What makes these companies appealing to consumers is the below market prices. Johnston said scam prices tend to be about 30-40% below what a reputable business charges.

The scammers can afford to do this because they cut corners, Johnston explained. They provide poor quality roofs, don’t pay their bills, charge for work that wasn’t done and schedule inconsistently, often leaving messes untouched for weeks.

These companies are also not members of the Colorado Roofers Association. To join, a roofing company must sign an ethics agreement and pass a yearly workers’ compensation audit. While cheaper to do, the liability of an injury on the job could go to the homeowner if the company doesn’t have its own insurance and workers’ compensation.

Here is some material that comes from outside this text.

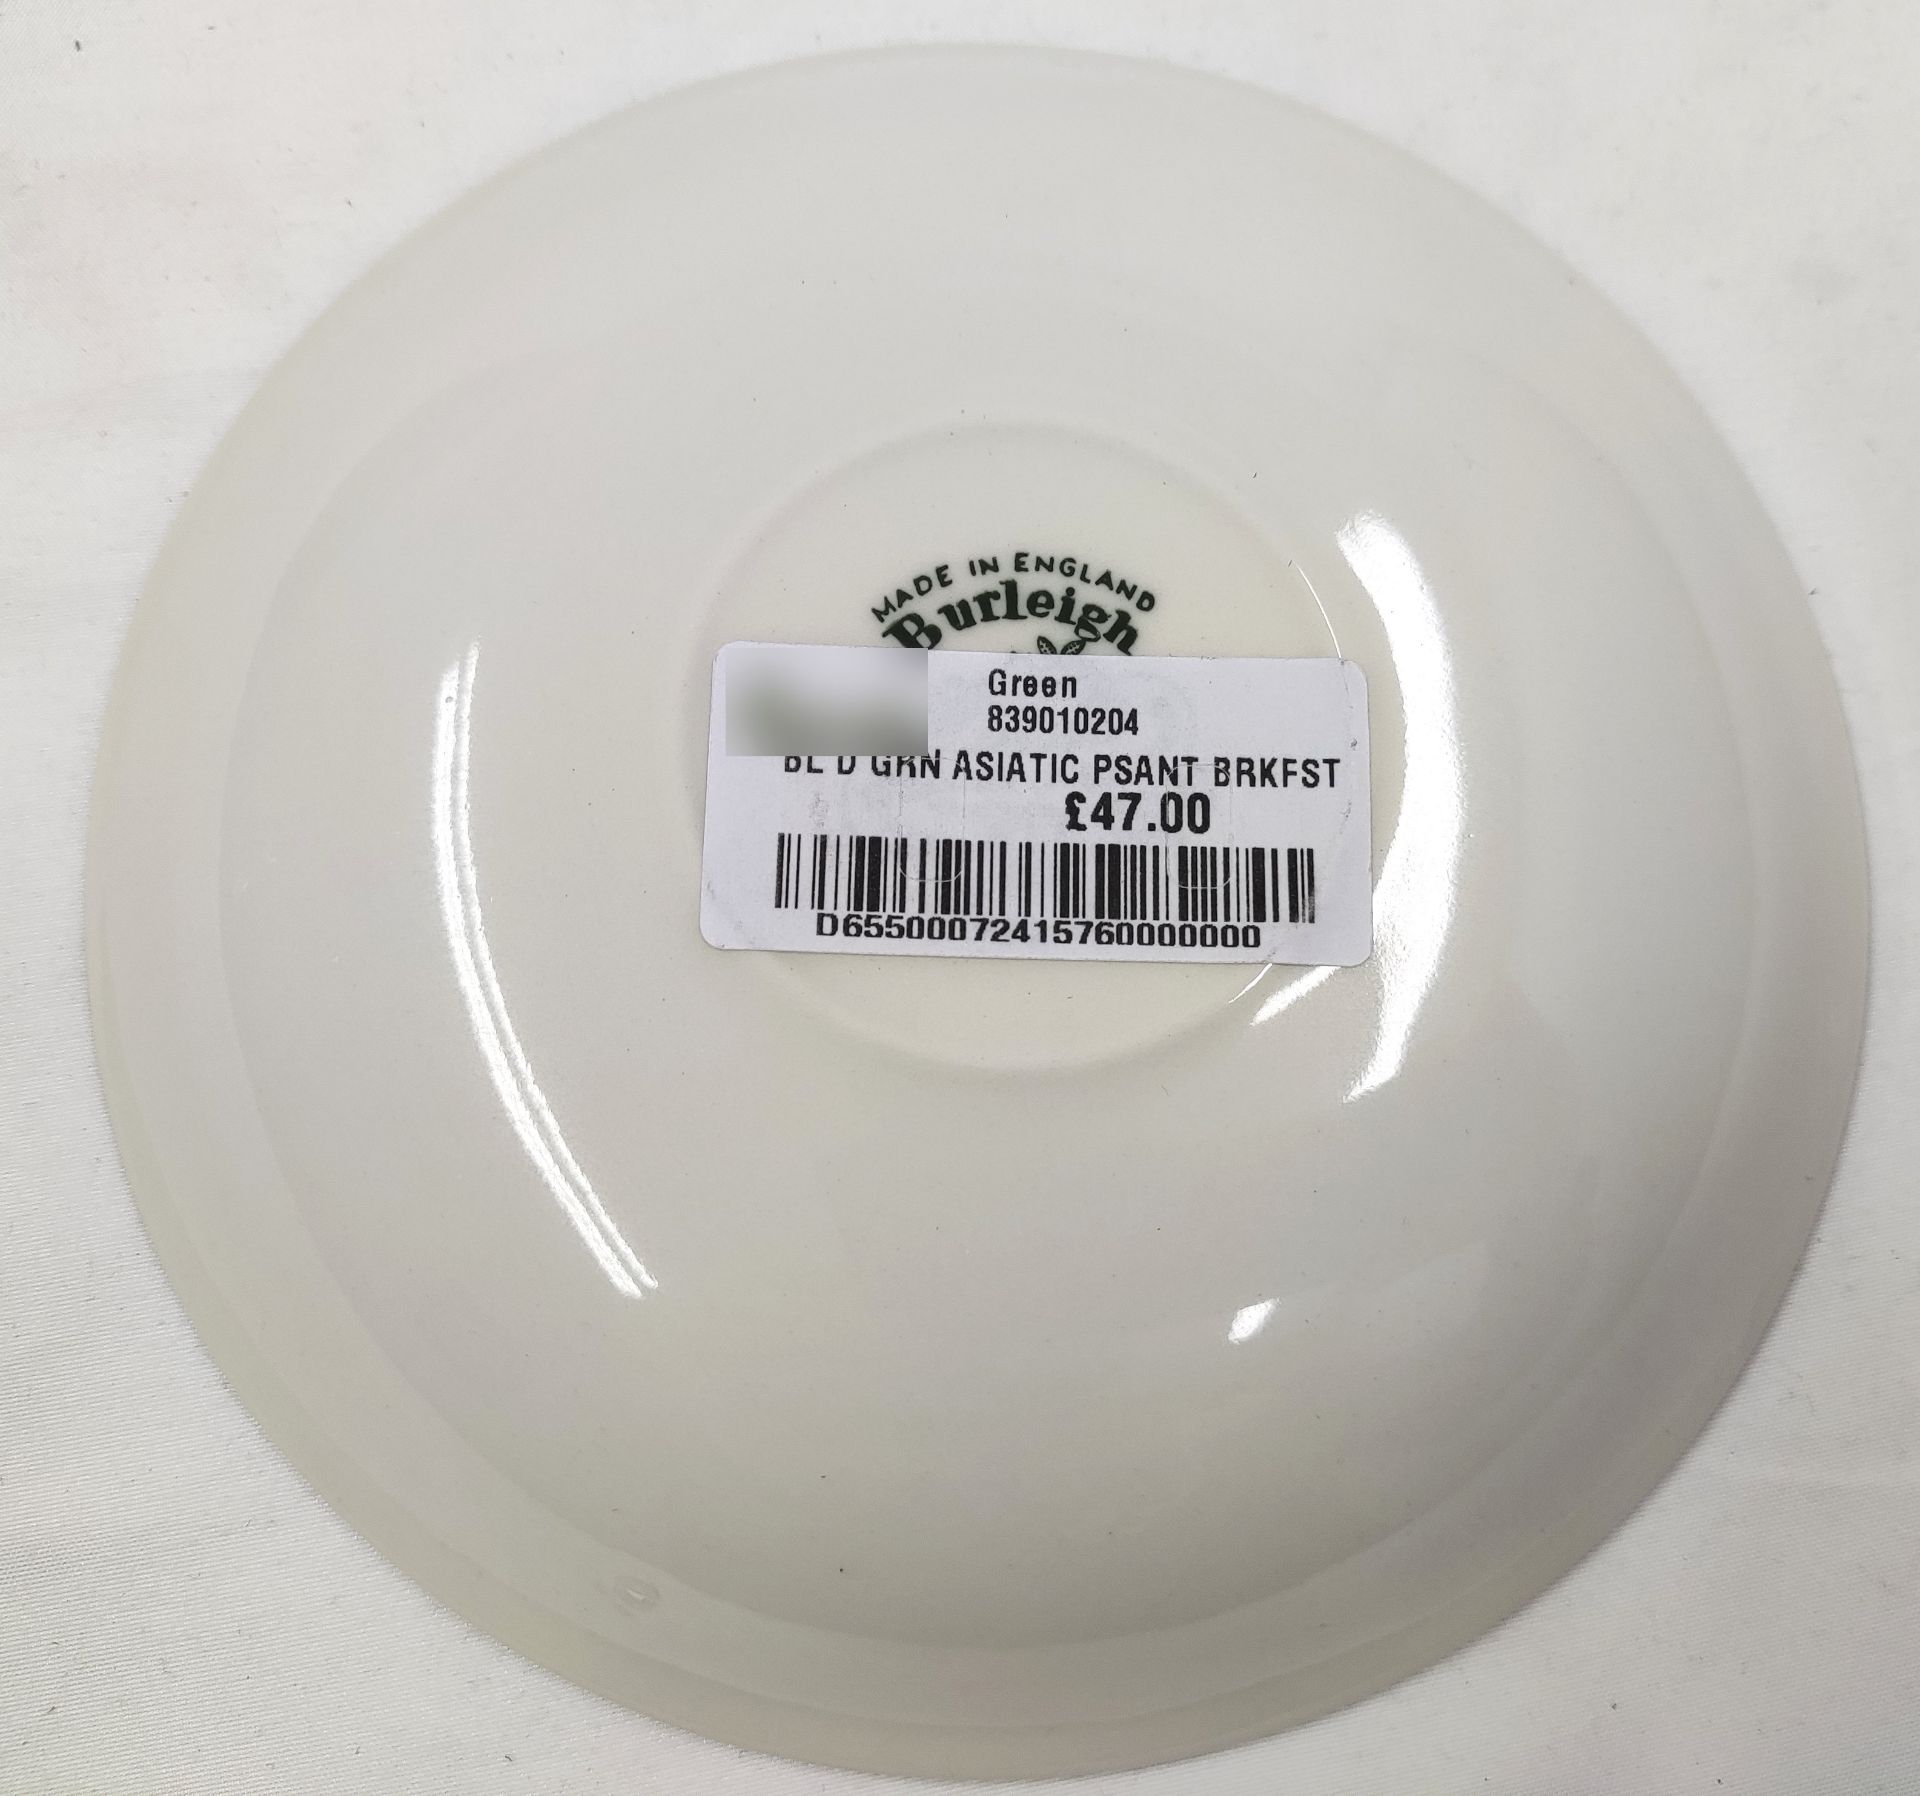 1 x BURLEIGH Dark Green Asiatic Pheasant Breakfast Saucer - New - RRP £47 - Ref: 7241576/HOC194/ - Image 3 of 6

One of Johnston’s biggest concerns about the scammers coming to the mountains is the lack their lack of experience in alpine environments.

“This is a whole different world,” Johnston said. “They don’t have any concept of it at all.”

Having spent more than 35 years working on alpine roofs, Johnston knows that only specific materials work well long-term in the mountains. There’s also special knowledge needed to prevent ice dams on roofs, something even qualified roofers in the Front Range often lack experience in.

Local roofing companies with longtime reputations in the county are the best bet for consumers.

“The local guys know how to roof up here,” Johnston added.

Checking references and the company’s paperwork, including insurance and licensing, is a good way to verify their reputation. Colorado does not have a statewide roofing license or registration requirement, but any companies working on a roof must be listened and/or permitted within the jurisdiction where the work is performed.

Johnston wants to protect the consumer as much as possible. With the scammers coming up here, he fears he’ll be cleaning up their mess next summer.

“They’re telling the owners whatever they want to hear,” he warned. “People are going to get burned.”

How to verify your roofer
  1. Contractor licensing: If a contractor gives you a license number, confirm it with the building department to see if the number was issued and if it is current.
  2. Insurance: Verify proof of insurance before signing any contract. Any reputable roofing contractor should be willing to have their insurance agent send documents directly to you, and workers’ comp can be verified at http://www.ewccv.com/cvs.
  3. Warranties: A contractor should be able to offer at least a two-year labor warranty, along with the manufacturer’s warranty for the products. Ask how long and to what extent these warranties cover.
  4. Roof inspection: Following the roofer’s work, ask if the contractor offers an inspection to ensure the roof will perform properly.
  5. Estimate: Make sure you receive a specific, written estimate of what the work might entail. The estimate should include pulling a permit, as that is the responsibility of the contractor and not the client.
  6. Reputation: Check to see if the contractor belongs to any associations such as the Colorado Roofing Association, the National Association of Homebuilders and/or the Better Business Bureau. The contractor should also be able to give client references.